2Banda Island Massacre
The Dutch waged a bloody war, including massacring and enslaving the inhabitants of the island of Banda in Indonesia to control nutmeg production in the East Indies in 1621. Nutmeg was valued because of a false belief that it would ward off the plague. The Dutch reduced the native population of the Banda Islands from 15,000 to 1000. This is the reason the present inhabitants of the Banda Islands are not Indonesian-looking.
3Operation Searchlight
Before 1971, Bangladesh and Pakistan were a single country. After a severe typhoon in Bangladesh (then East Pakistan) aid from Pakistan was slow to arrive and immediately later Pakistan decided to hold elections. Bangladesh had a bigger population so its own party won. The Pakistani military then responded by commencing Operation Searchlight. They imprisoned intellectuals, slaughtered thousands of Bangladeshi officers, students, and basically anyone with a way of assisting the Bangladesh party. They also obliterated any institution that could support refugees and raped thousands more. India alongside Bangladesh then got into action and after the war that ensued 93,000 Pakistani soldiers surrendered (biggest surrender since World War 2) before the Indian army. All in all 300,000 to 3,000,000, Hindus were targeted with many killed, raped and enslaved for 9 months before India declared war.

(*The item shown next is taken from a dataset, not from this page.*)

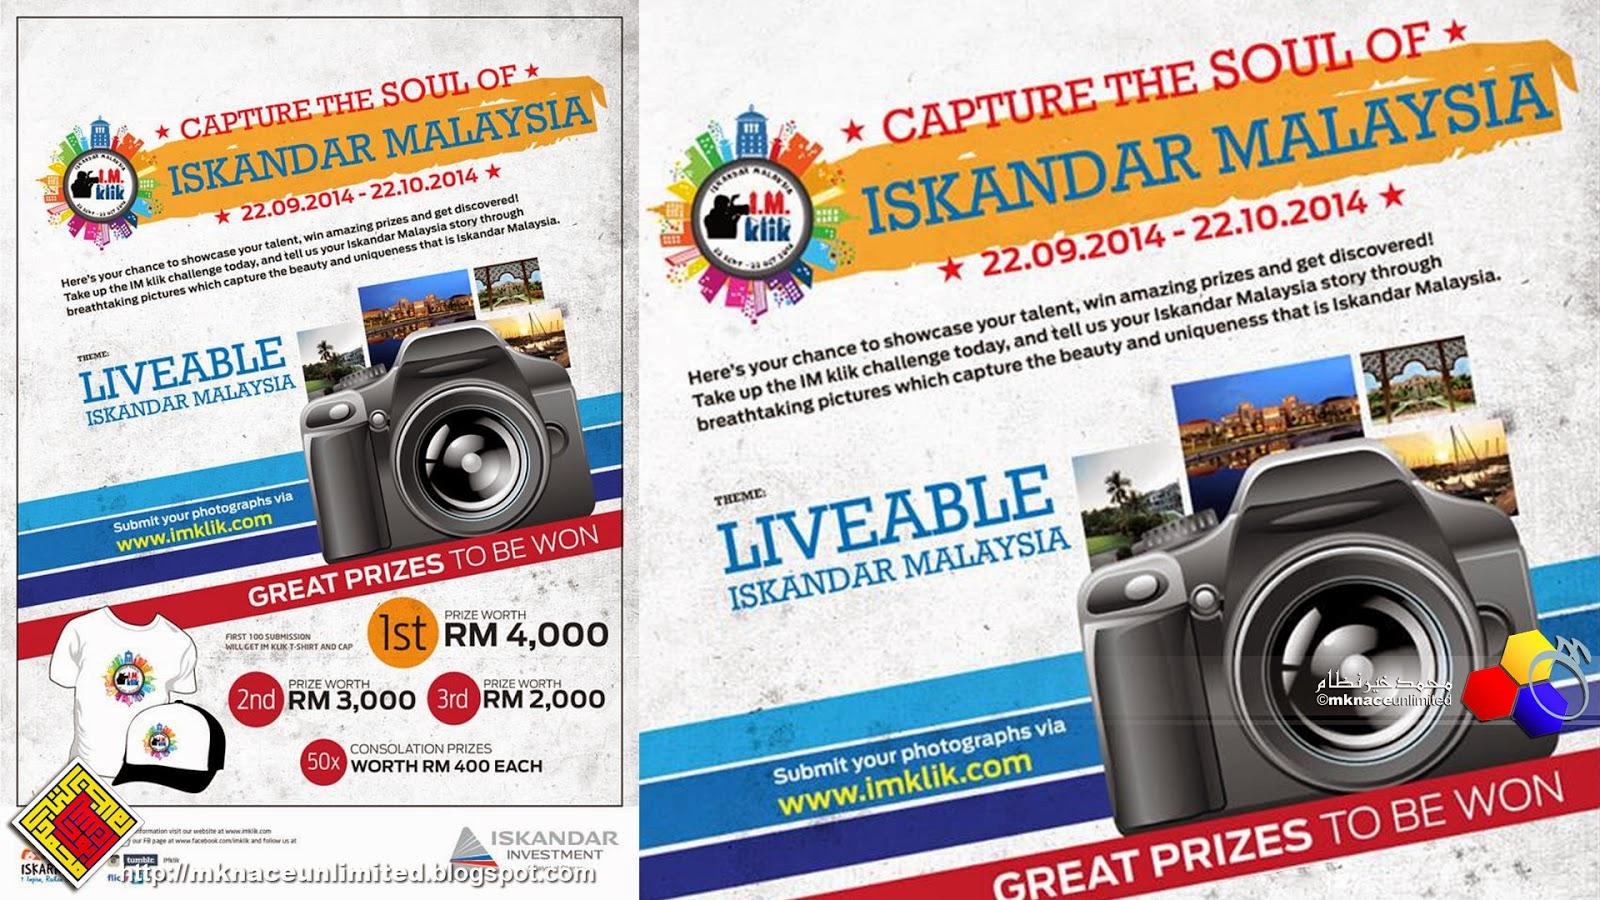 Im Klik 2014 Photography Competition Mknace Unlimited The Colours Gudang Garam Filter 12 Batang Gp Garpit International Of Life

4Canadian Residential Schools
For over 100 years, Canada forced as many as 150,000 Indigenous children to attend Residential schools away from their families years at a time with the intent of assimilating them and removing their family’s culture. The quality of instruction was sub-par, many children were physically, sexually, and mentally abused and at least 4000 children died in the school system. Most returned home unable to help, or connect with their families.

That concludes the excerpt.